|
A decade passed before Chic got another guitar. By then, however, he showed enough athletic ability to play semi-pro baseball and subsequently ended up at Northeastern University in 1964 under the auspices of a program intended to expose promising young blacks to higher education.
Chic's interest in music was growing, however. "My older brother brought home a guitar one day and showed me a couple of chords." Still unsure about his calling, Chic placed music on the back burner and eventually earned a degree in psychology from UC Santa Cruz in 1971.
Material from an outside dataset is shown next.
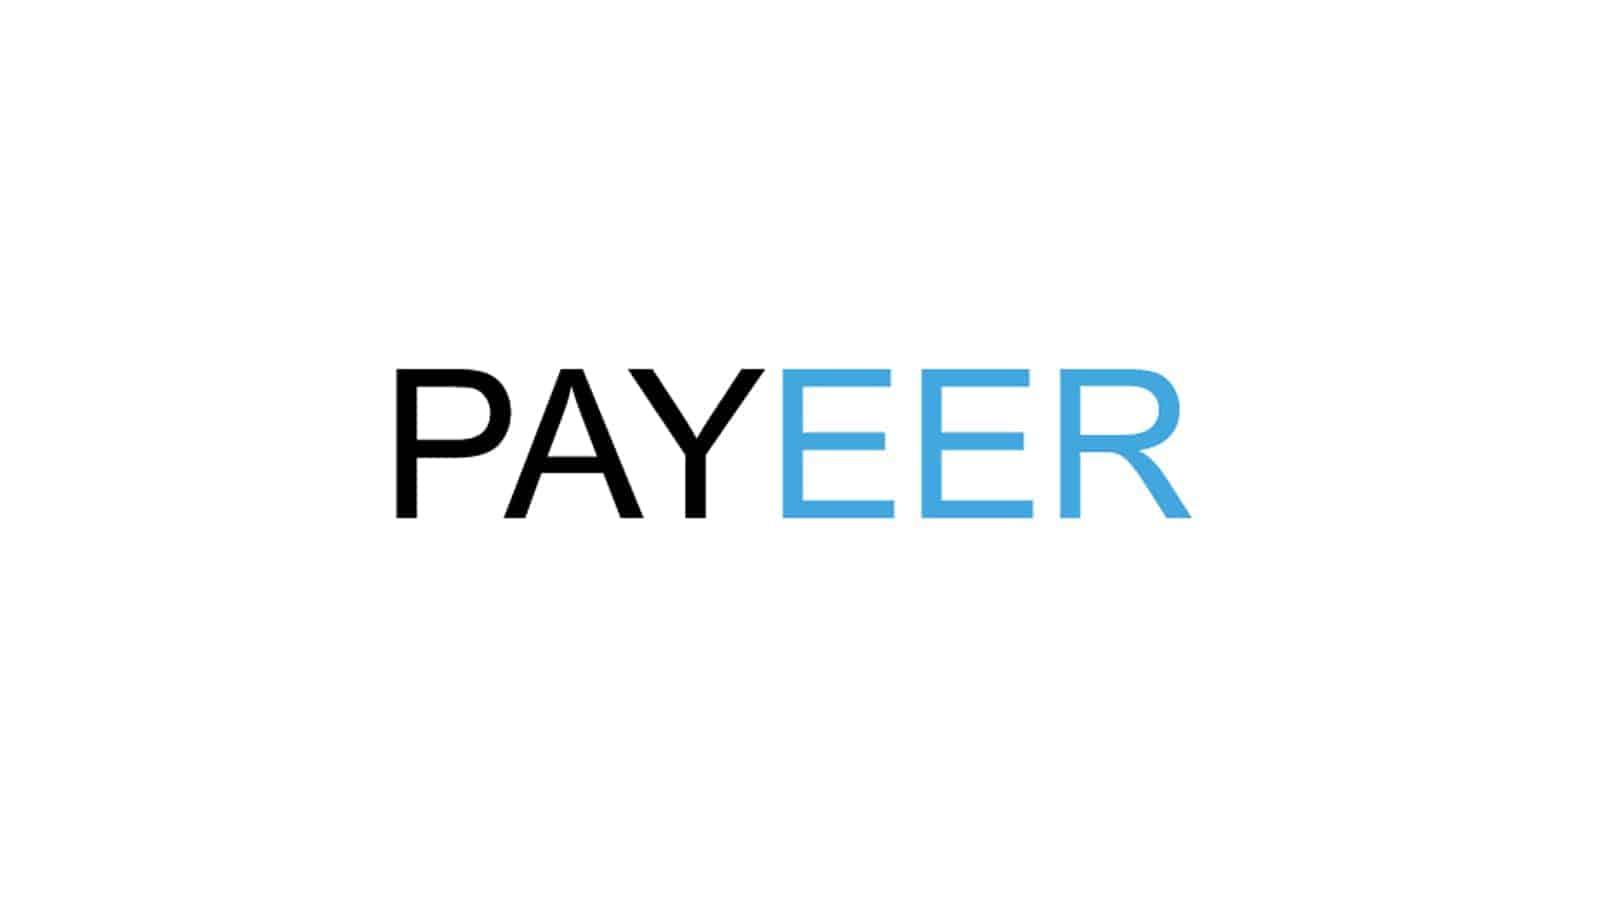 Payeer بايير لارسال و استقبال الاموال وتبادل العملات

After these tentative forays into sports and psychology, Chic had come full circle and was ready to channel his energies. He took off for Paris, France where he met Pierre Barouh of "A Man and a Woman" fame (Pierre had written the lyrics to the theme song for this film. He'd opened his own recording company "SARAVAH" and later, upon meeting Chic, invited him to do his first recording). Chic recorded that year and toured all over France. The standard blues he played in France earned him continual appearances on national TV and radio. But, "the music," he said, "wasn't serving my total person. There were spiritual and social and political issues going on in the world that weren't being addressed in my music and I wanted to learn how to integrate it all." It took a while, but that one year stint in France in 1975 helped Chic determine a direction for his music.
Chic's musical tree is rooted in the blues but branches out into many different directions. It has been placed by critics into a potpourri of esoteric musical categories: acoustic funk...cat-gut jazz...black people's folk...and urban folk. It bears the fruits of reggae, folk, pop, and jazz. It may be all of that. "The feeling with which I express the music comes from my own experience," said Chic, whose moniker stuck when his uncle Willie called him "chicken" because he thought the child was afraid of the nearby train, cars and dogs.
Chic's vocal style is perhaps influenced by his own mother, Jannie Streetman, who'd sung on occasion with Fats Waller. (Waller wanted to take Jannie on the road with him and she asked her mother if she could go. Chic's grandmother saw stardom and fame. She consented. But, Jannie saw a difficult time as the only girl and too many men. Only sixteen, she declined.)
Chic returned to the States and settled in Santa Barbara, CA where he founded Chic Street Man's School of Performing Arts while continuing to perform shows with some of the folks who were at one time his idols...Sonny Terry & Brownie McGhee, Lightnin' Hopkins, B.B. King, Taj Mahal, etc.
Chic earned the title of "Musical Ambassador For Peace And Human Rights," in part through appearances at the U.N. General Assembly in New York, three appearances as a performer at the United Nations in Geneva, and with his involvement in three Peace Child theatrical productions touring to Russia and Poland.